What can be done when rulebooks or simulation are not options?
Even in cases where automated solution approaches such as rule sets or simulations are not possible or not economical, it is possible to improve the quality and consistency of the master data by simple means. Many companies calculate intelligent key figures, such as the range of the smallest possible lot size, which indicate economic inconsistencies in the master data. If, for example, the smallest quantity that you can order according to your master data settings would last for more than 2 years, the question quickly arises whether this lot size still makes economic sense.

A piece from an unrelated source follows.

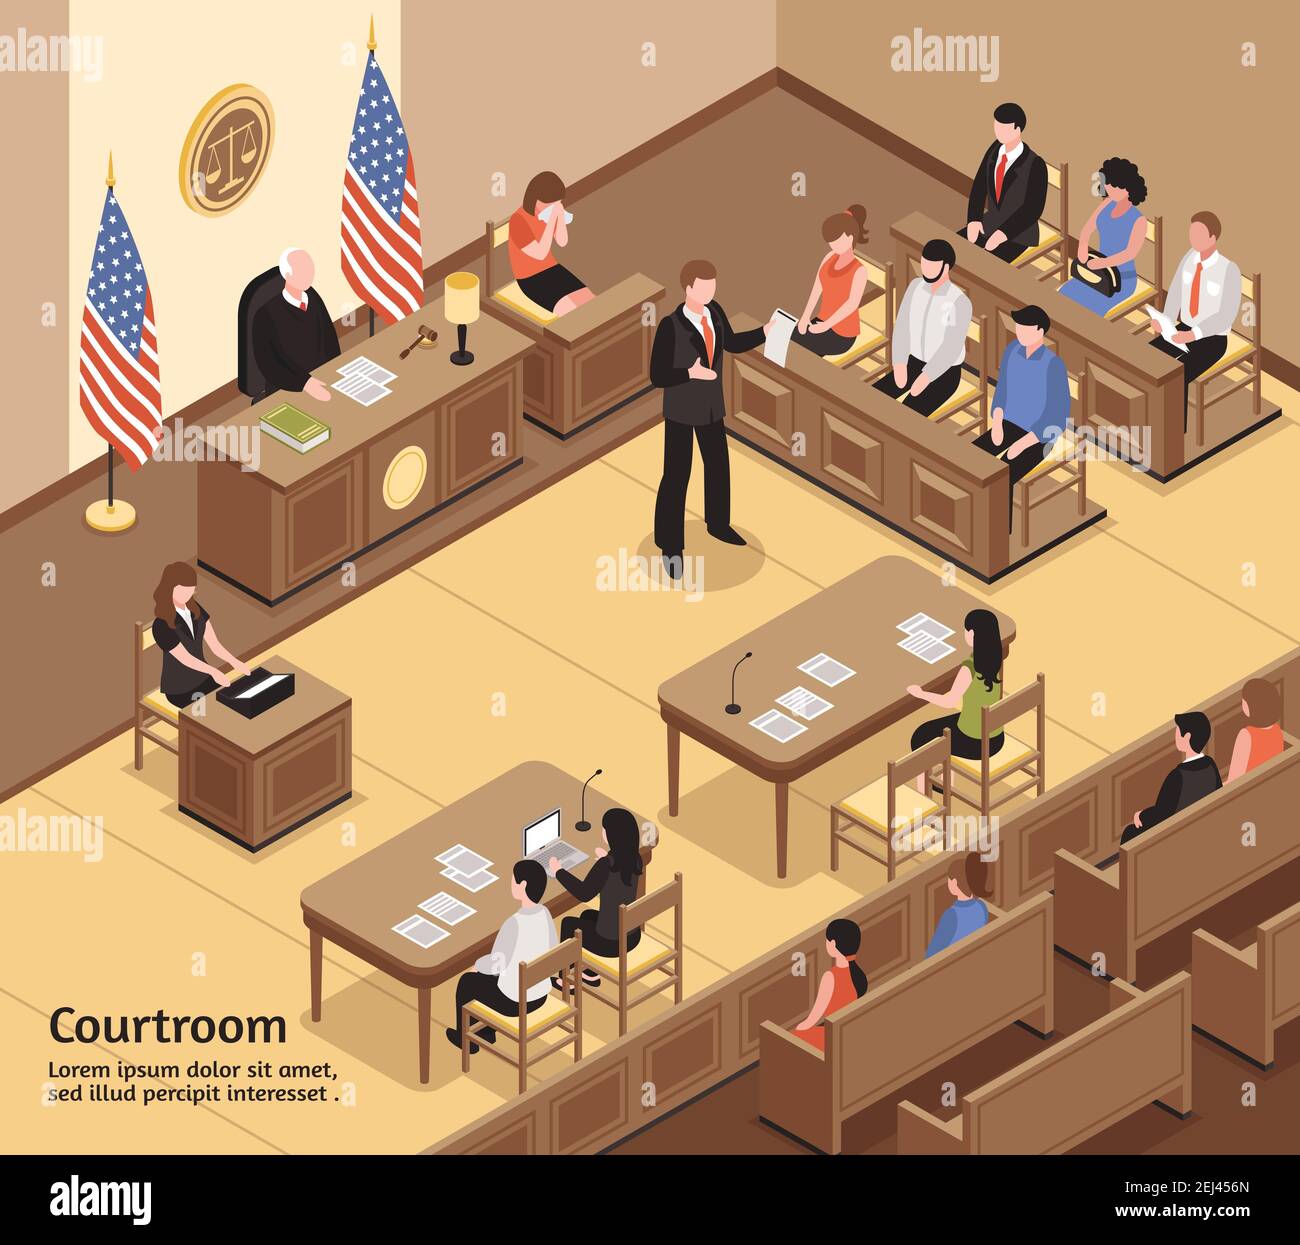 Judikative isometrische Vektor Illustration mit Jury Angeklagte Anwalt Schreiber Zuschauer Figuren im Gerichtssaal Stock Vektor

Another pragmatic step is to regularly send your “suppliers” an overview of the master data in your system for review. The term supplier in this context can of course mean both an internal supplier (such as the production department) and an external supplier. Many suppliers also have a strong interest in ensuring that their customers have realistic delivery times interfaced in their ERP systems and order in meaningful quantities – such as full pallets or pallet layers. Even in retail environments, with typically many suppliers and a constantly changing product offering, regular master data checks are essential. There, too, companies should think about how regular checks can be implemented with little effort and how adjustments can be processed quickly and efficiently. If you are a supplier yourself, it would also make sense to proactively communicate master data changes to your customers and send out regular master data overviews for review.